First came the £5 billion per annum tax. Then came the regulation. Pension funds were crippled. Most private sector companies closed them to new members. Some went on to stop future contributions from existing members. Some went bust. Some pension funds needed so much extra money from their sponsor companies they threatened to bring the company down.
Now the government and the Regulators see pension funds as a ready source of money for the government to borrow. The more mature the fund, the more they demand that the fund “matches” its liabilities by buying government bonds.
How can they believe that a government bond offering an interest rate of between 2% and 4% per annum depending on the maturity date can possibly keep pace with pension requirements?They do not know for sure how long people will live, needing the pension payment. Nor do they know how much inflation governments will unleash as they get out of the present crisis. You cannot “match” liabilities which go up with wage or price inflation by buying low yielding fixed income government bonds.
All you can be sure about is that if you buy government bonds today you will at best get a low return. If you hold them to repayment you will get your 2 to 4% per annum, and a capital loss on repayment. If you sell them before repayment you might make a little more, or you might lose more if interest rates rise. If we have a funding and sterling crisis you could lose a lot at market prices.
The truth of the “matching” doctrine is simple. It’s a way of getting more money into the government’s coffers, and it is a way of keeping companies on the pensions rack for longer. There will be more casualties as a result. Everytime more pension funds get into trouble, so the demands on the Pension Compensation Fund rise. The Regulator in turn imposes a bigger tax on the successful funds, making their task more difficult! No wonder most companies have given up on final salary pension funds. Only twelve years ago we had the best pension scheme in Europe by a mile, and many people could look forward to a pension based on their final salary.

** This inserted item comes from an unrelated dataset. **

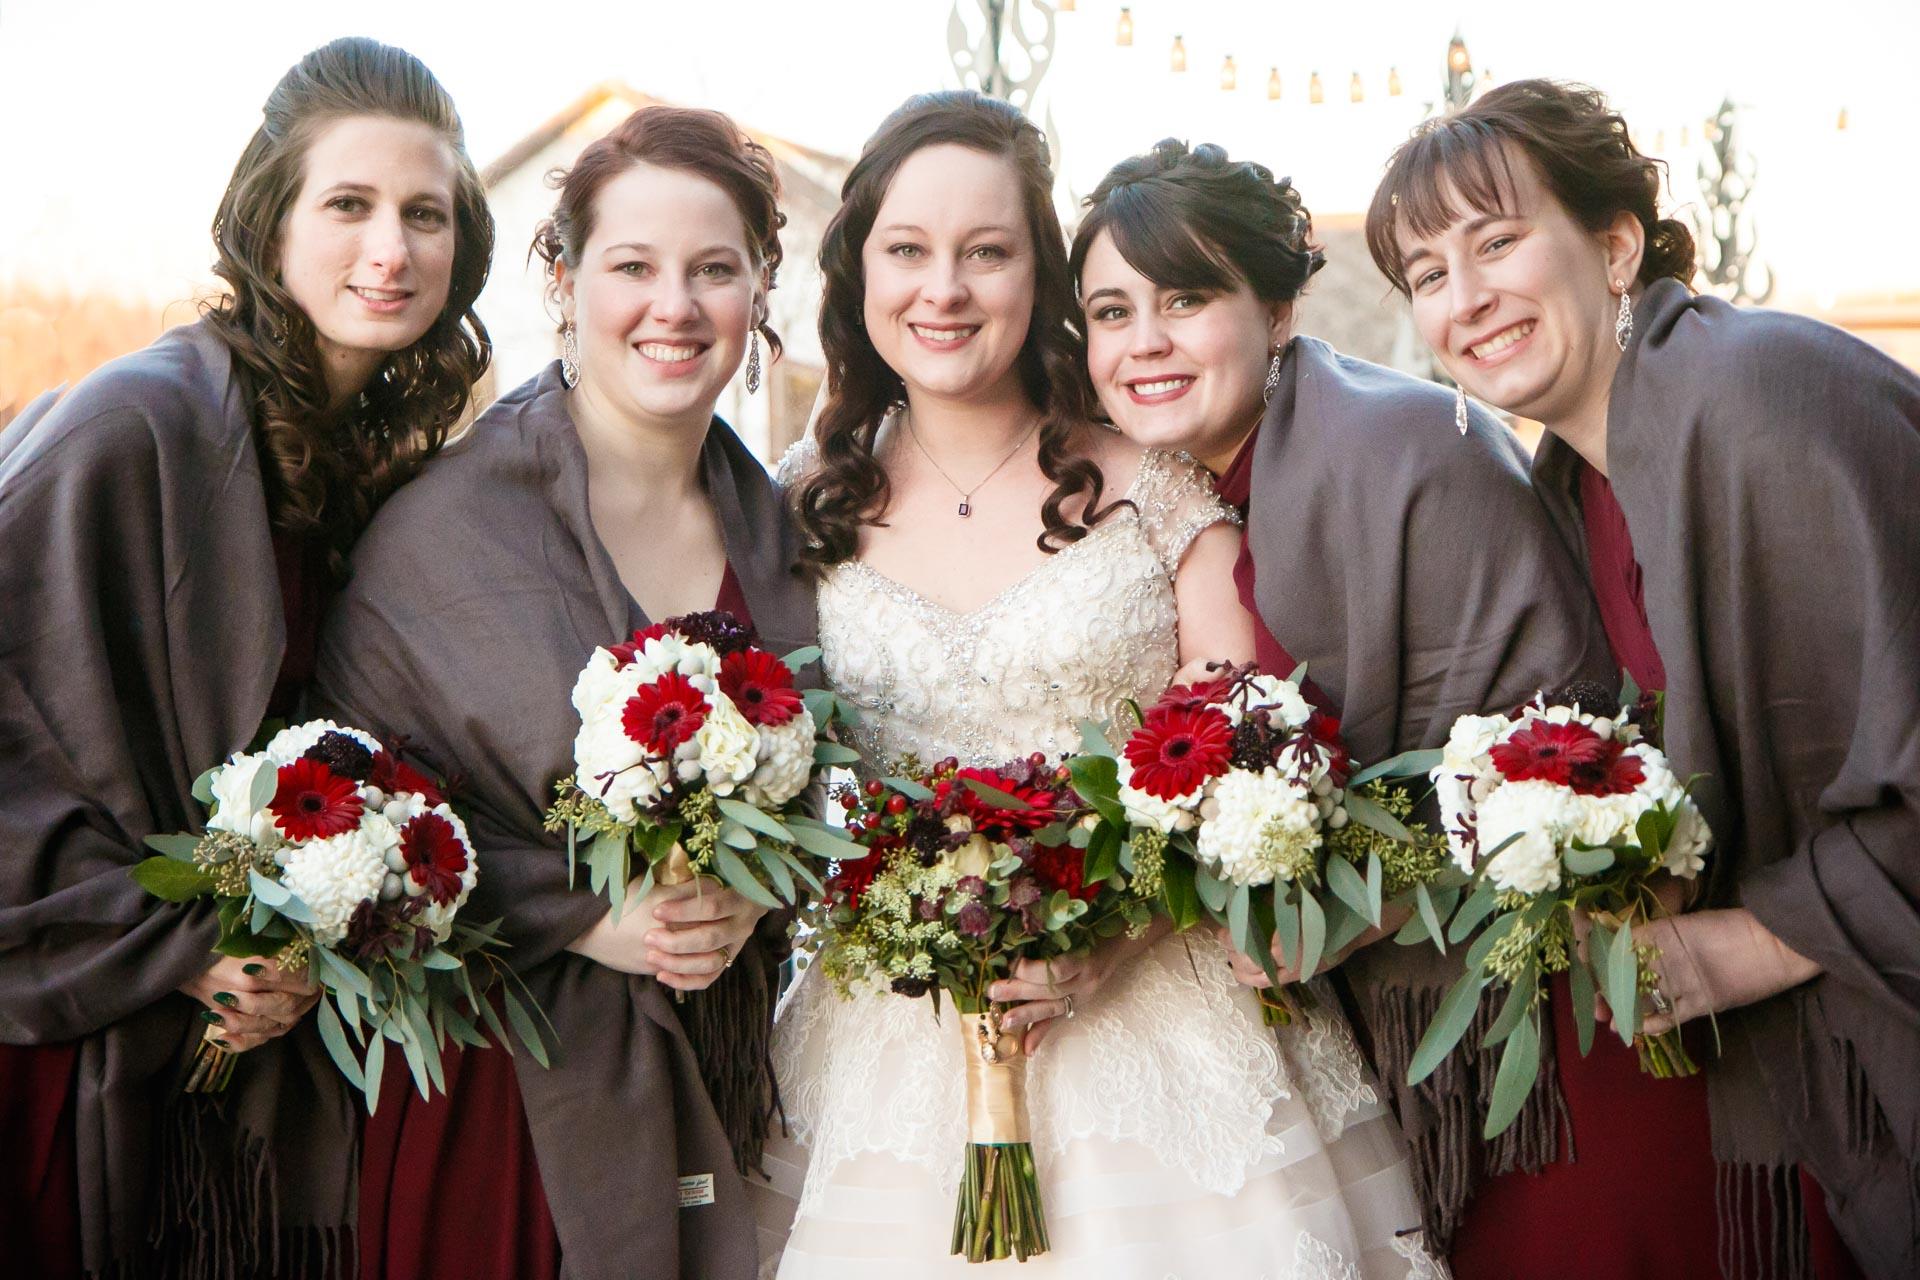 wedding-adam-shea-photography-green-bay-appleton-neenah-photographer-22.jpg

Today the issue is when will the government wake up to the unaffordable promises being made on an ever increasing scale in the public sector? When will there be greater equality of treatment between public and private? When will the public sector rich list have to live in the real pensions world that arrived in the private sector some years ago? It just shows how much damage the wrong kinds of tax and regulation can do. Never have pension funds been so regulated, and never have they been so weak.